• Instructions to follow:
Could you please output only the lines from the one holding "Camisa Polo Feminina" through the end of the listing below, exactly as written and without pictures?

• Material provided:
________________________

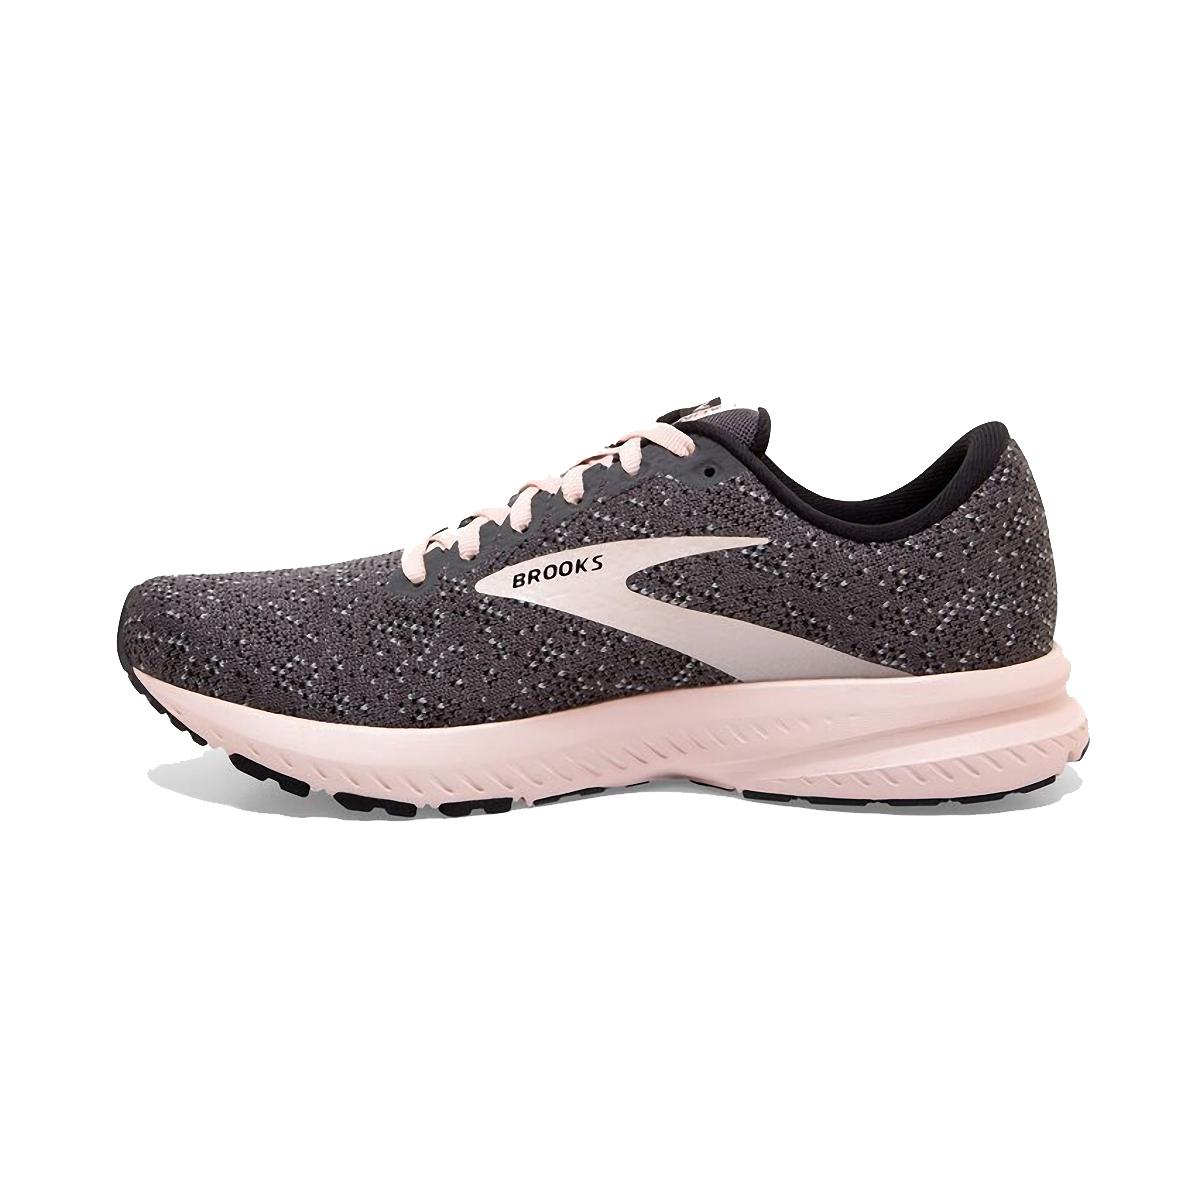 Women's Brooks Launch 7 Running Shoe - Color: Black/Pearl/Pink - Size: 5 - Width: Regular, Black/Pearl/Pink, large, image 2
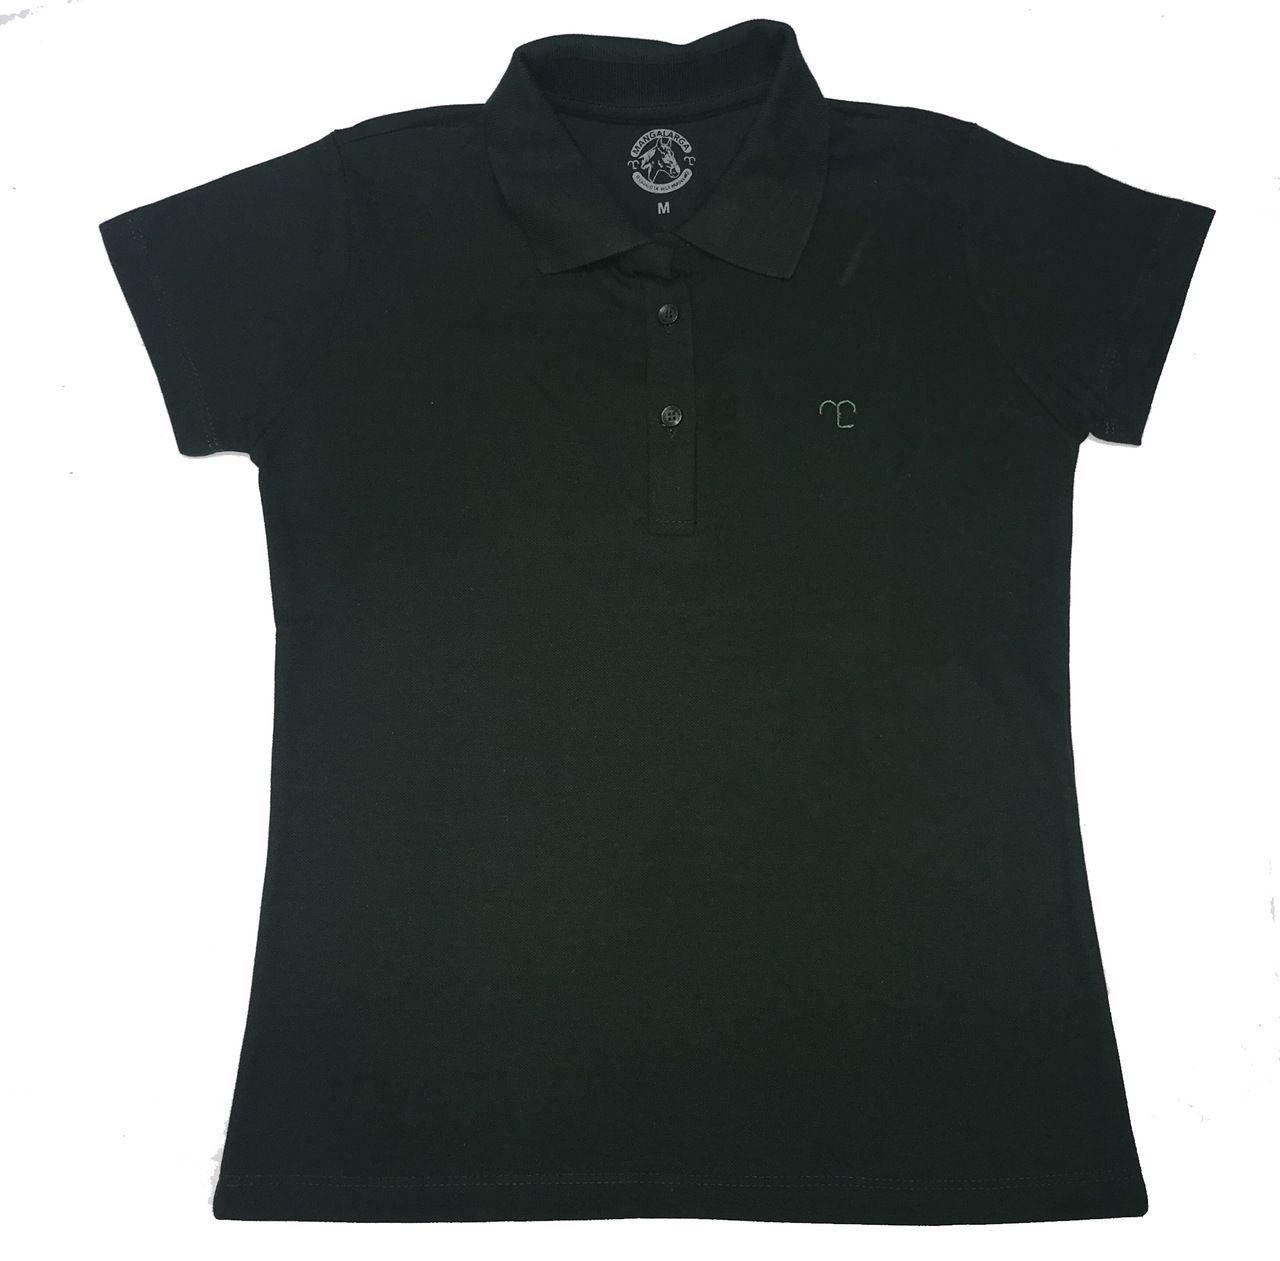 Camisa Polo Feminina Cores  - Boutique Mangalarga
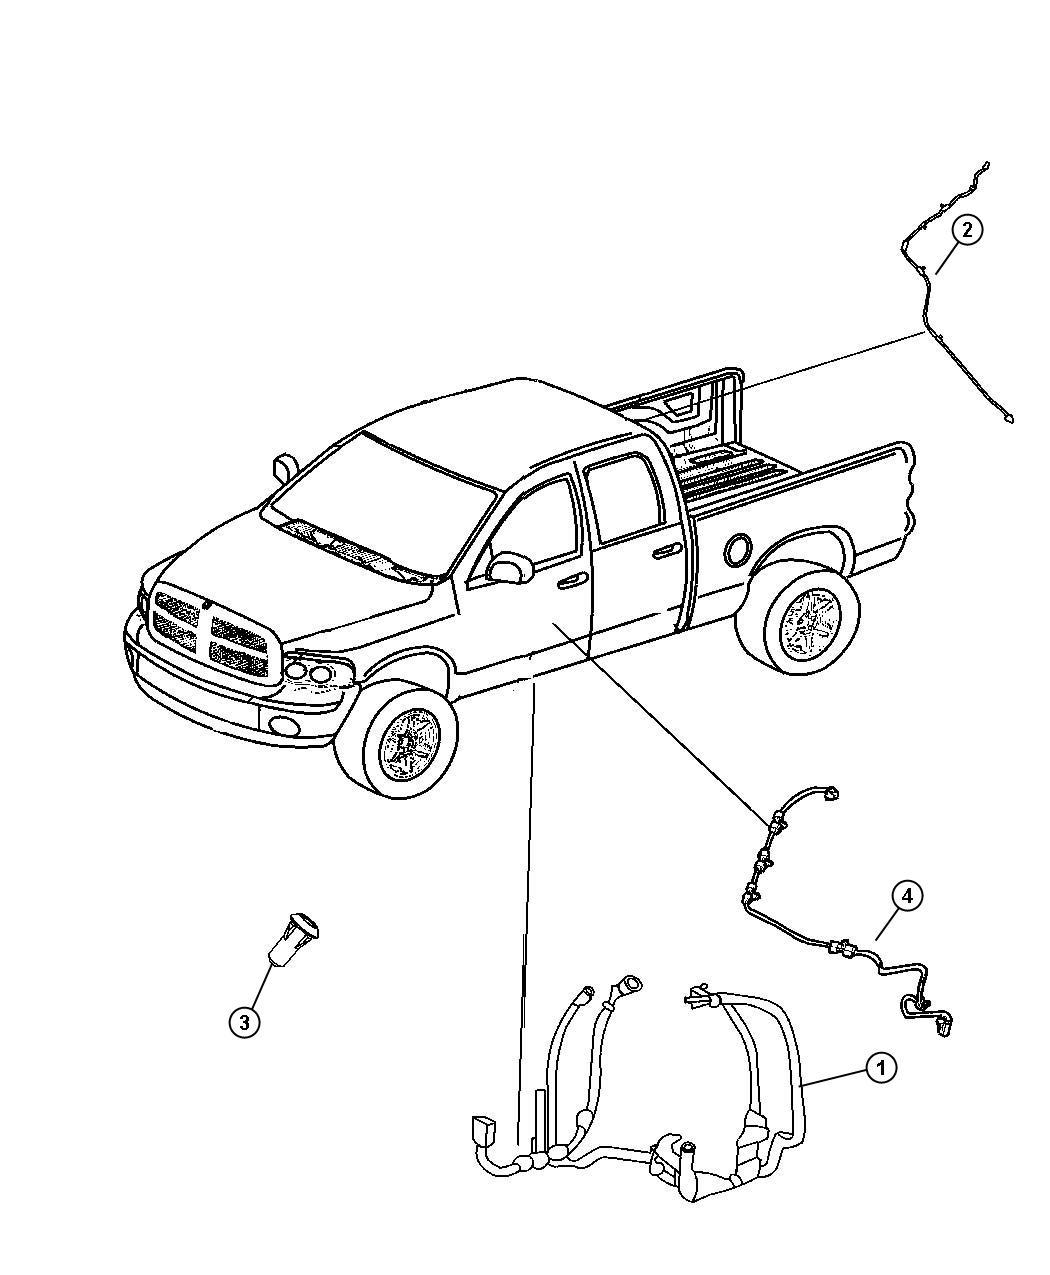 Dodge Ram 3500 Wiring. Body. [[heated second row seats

________________________

• Response area:
 Camisa Polo Feminina Cores  - Boutique Mangalarga
 Dodge Ram 3500 Wiring. Body. [[heated second row seats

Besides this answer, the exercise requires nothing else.